Reliability Estimation Tool for SRAM Cells
In this tool, we focus on abstracting the various degradation effects from the physical level all the way up to the system level. In addition, we also model the impact of radiation on generating soft errors in SRAM cells using a physical particle simulator. We study different types of 6T SRAM cells (e.g. high performance, low power, etc.). The key goal is to provide designers and software developers at the systems level with an abstracted, yet sufficiently accurate reliability estimation represented with a probabilistic fault analysis. The latter has a more meaningful interpretation of reliability, unlike state of the art that employ other quantification metrics such as (SNM, Vth, etc.)
We study the “Register File” of different processors architectures (MIPS, SPARCV8, ALPHA) as an example.
Further details can be found in the following papers:
- Hussam Amrouch, Victor van Santen, Jörg Henkel “Interdependencies of Degradation Effects and their Impact on Computing” in IEEE Design & Test, 2016 (to appear), PDF
- Hussam Amrouch, Victor M. van Santen, Thomas Ebi, Volker Wenzel, Jörg Henkel, “Towards interdependencies of aging mechanisms”, IEEE/ACM 33rd International Conference on Computer-Aided Design (ICCAD’14), San Jose, USA, pp. 478-485, 2014, PDF
Lucid Infrared Thermography
Thermal analysis is a prerequisite for developing reliability increasing techniques for thermally-constrained processors, i.e. processors with a high power density. For that purpose, infrared (IR) camera measurement setups have been deployed with the purpose to provide direct feedback of the impact that thermal mitigation techniques have. To obtain lucid IR images, the IR-opaque cooling must be removed and hence, an alternative IR-transparent cooling needs to be provided to protect the chip. To this end, the majority of state of the art employs an IR coolant liquid to prevent the chip from overheating. The problem is that several aspects like thermal convection may interfere with the measured IR radiations resulting in equivocal IR images. Thus, they decrease the accuracy in a way that leads to incorrectly estimating reliability. Solving this prominent problem, we introduce an IR-transparent cooling that cools the chip from its rear side allowing the camera to perspicuously capture the IR emissions as no additional layer in between impedes the radiation. It maintains the on-chip temperatures within a safe range equivalent to the original heat sink-based cooling. In our work, we demonstrate how state-of-the-art inaccurate thermal analysis results in incorrectly estimating reliability. Our setup is the most accurate, least intrusive one that has been both proposed and actually applied to state-of-the-art multi-cores.
After the success of setup, we also developed the setup for the research group of Prof. Tulika Mitra at the National University of Singapore (NUS), Singapore.

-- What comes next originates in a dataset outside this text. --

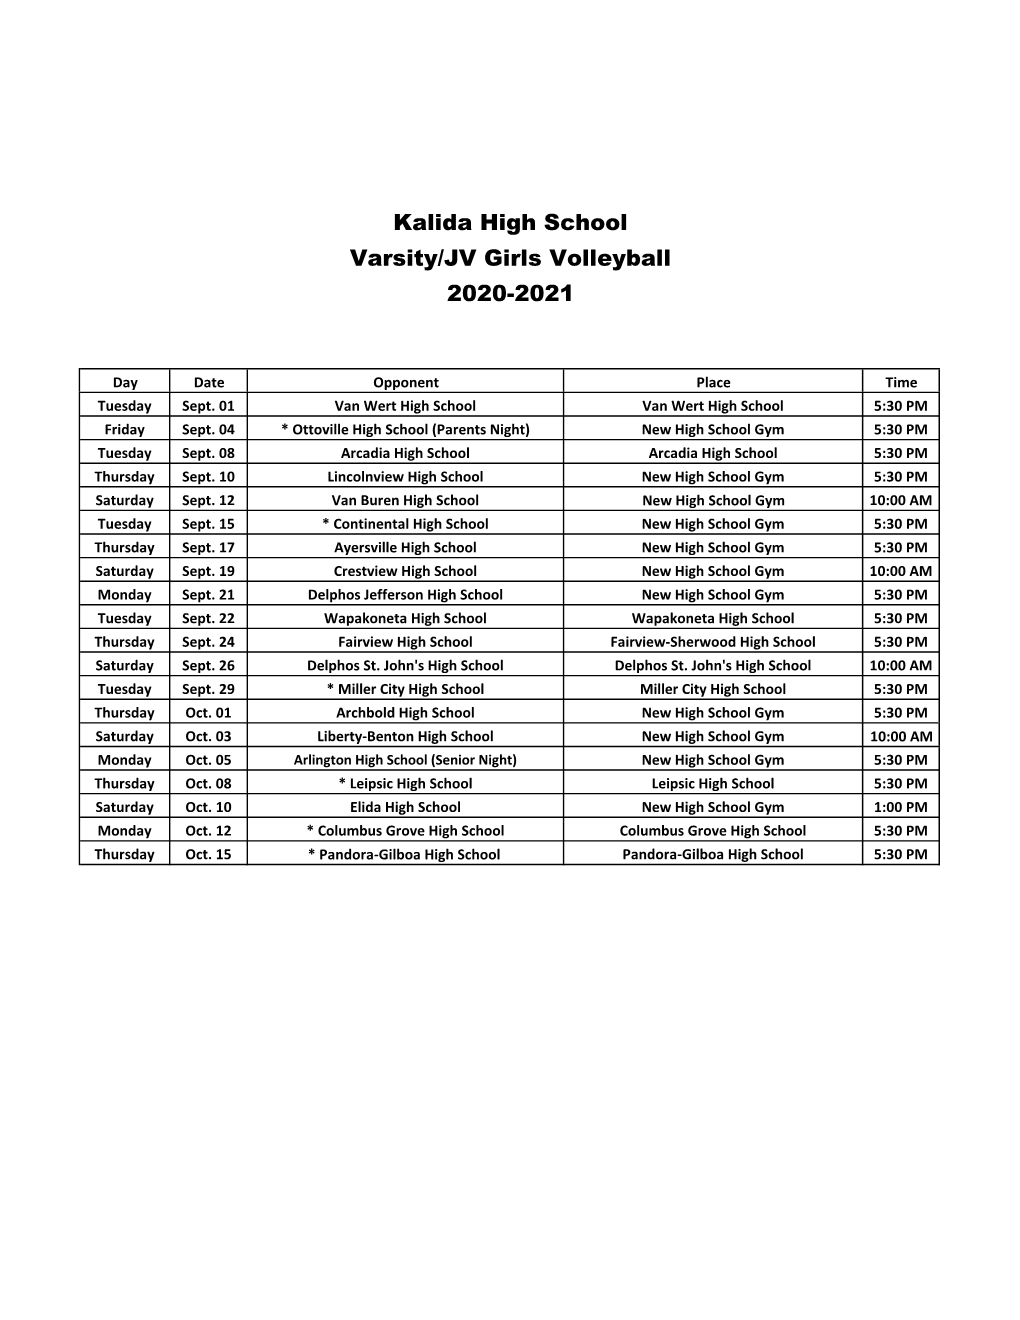 Kalida High School Varsity/JV Girls Volleyball 2020-2021

The setup is mainly employed to study the thermal behavior of state-of-the-art mobile processors.
Further details can be found in the following papers:
- Hussam Amrouch, Jörg Henkel “Lucid Infrared Thermography of Thermally-Constrained Processors” in ACM/IEEE International Symposium on Low Power Electronics and Design (ISLPED´15), Rome, Italy, July 22-24, 2015, PDF
- Alok Prakash, Hussam Amrouch, Muhammad Shafique, Tulika Mitra, Jörg Henkel “Improving Mobile Gaming Performance through Cooperative CPU-GPU Thermal Management” in ACM/EDAC/IEEE 53rd Design Automation Conference (DAC), Austin, TX, USA, June 5-9, 2016, PDF
- Daniel Palomino, Muhammad Shafique, Hussam Amrouch, Altamiro Susin, Jörg Henkel, “hevcDTM: Application-Driven Dynamic Thermal Management for High Efficiency Video Coding” in The IEEE/ACM 17th Design Automation and Test in Europe Conference (DATE'14), Dresden, Germany, March 24-28, 2014.